When administered intravenously, the conjugate circulates in the blood and reaches the affected area. The administration specifically binds the conjugate to the new blood vessels located in the affected area. Binding is carried out by an antigen-antibody reaction between the target molecule 17 on the surface of the stromal cell 16 and the antibody 11. As a result of the binding, the conjugate becomes localized in the affected area without diffusing.

<Irradiation>

The therapeutic agent comprising the conjugate of the present embodiment is a kind of molecular targeted therapeutic agent, but this conjugate is not specific to tumor cells. The conjugate may be bound to a target molecule on the cell of another tissue outside the tumor. The irradiation site is limited to further increase the specificity.

As shown in FIG. 1, the tumor 15 to which the conjugate 10 is bound is aimed at and irradiated with the excitation light 20. Stromal cells 16 exist as stromal cells within tumor 15. There are tumor cells 18 around the stromal cells 16. The figure is schematic and does not show the histological features of tumors and new blood vessels.
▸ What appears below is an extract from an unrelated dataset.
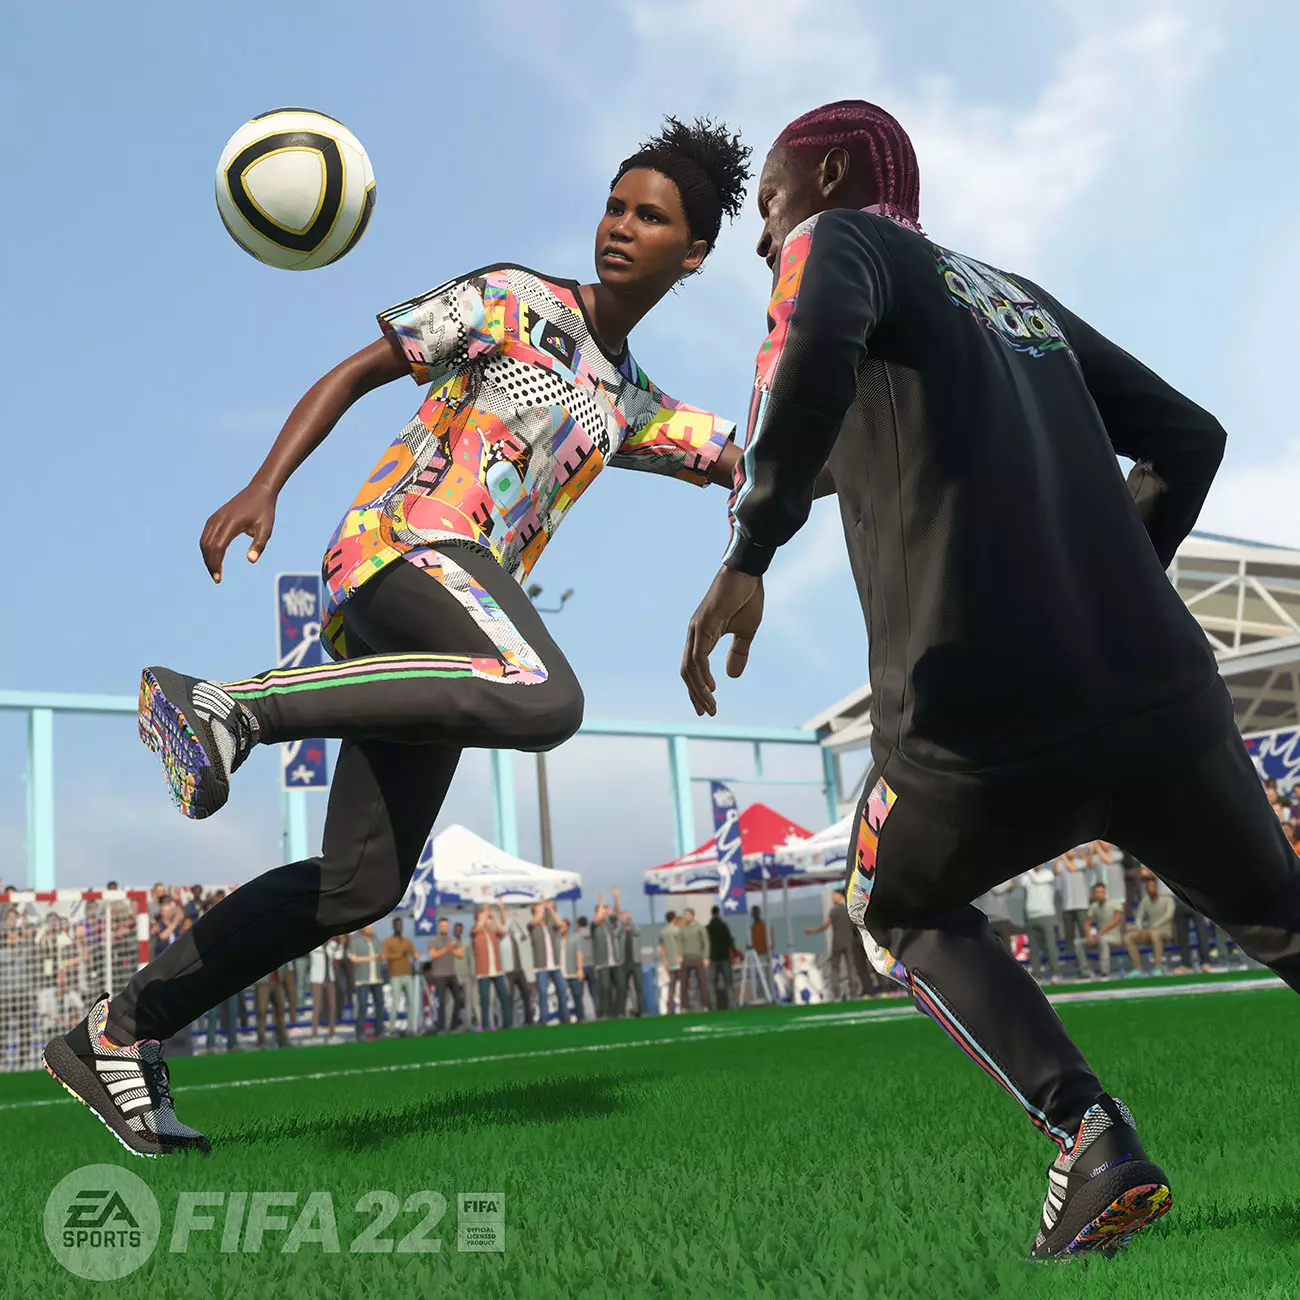 adidas Pride Collection X EA SPORTS FIFA 22

In FIG. 1, the photosensitizer 12 that has received the excitation light 20 is excited. The excited photosensitizer 12 exerts a photosensitizing action 21 to damage the stromal cells 16. The photosensitizing effect 21 may be given to the tumor cells 18. The photosensitizer 21 is not necessarily an electromagnetic wave. The excitation light 20 is irradiated with light having a wavelength of 650 to 900 nm, preferably 660 to 740 nm, and more preferably 660 to 710 nm. The wavelength may be 680 nm.

The irradiation dose of the excitation light 20 shown in FIG. 1 is preferably 1 (J / cm ² ) or more, and more preferably 10 to 500 (J / cm ² ). The irradiation dose may be any of 20, 30, 40, 50, 60, 70, 80, 90, 100, ^{200, 300 and 400 (J / cm 2).} The light source of the excitation light 20 may be an LED.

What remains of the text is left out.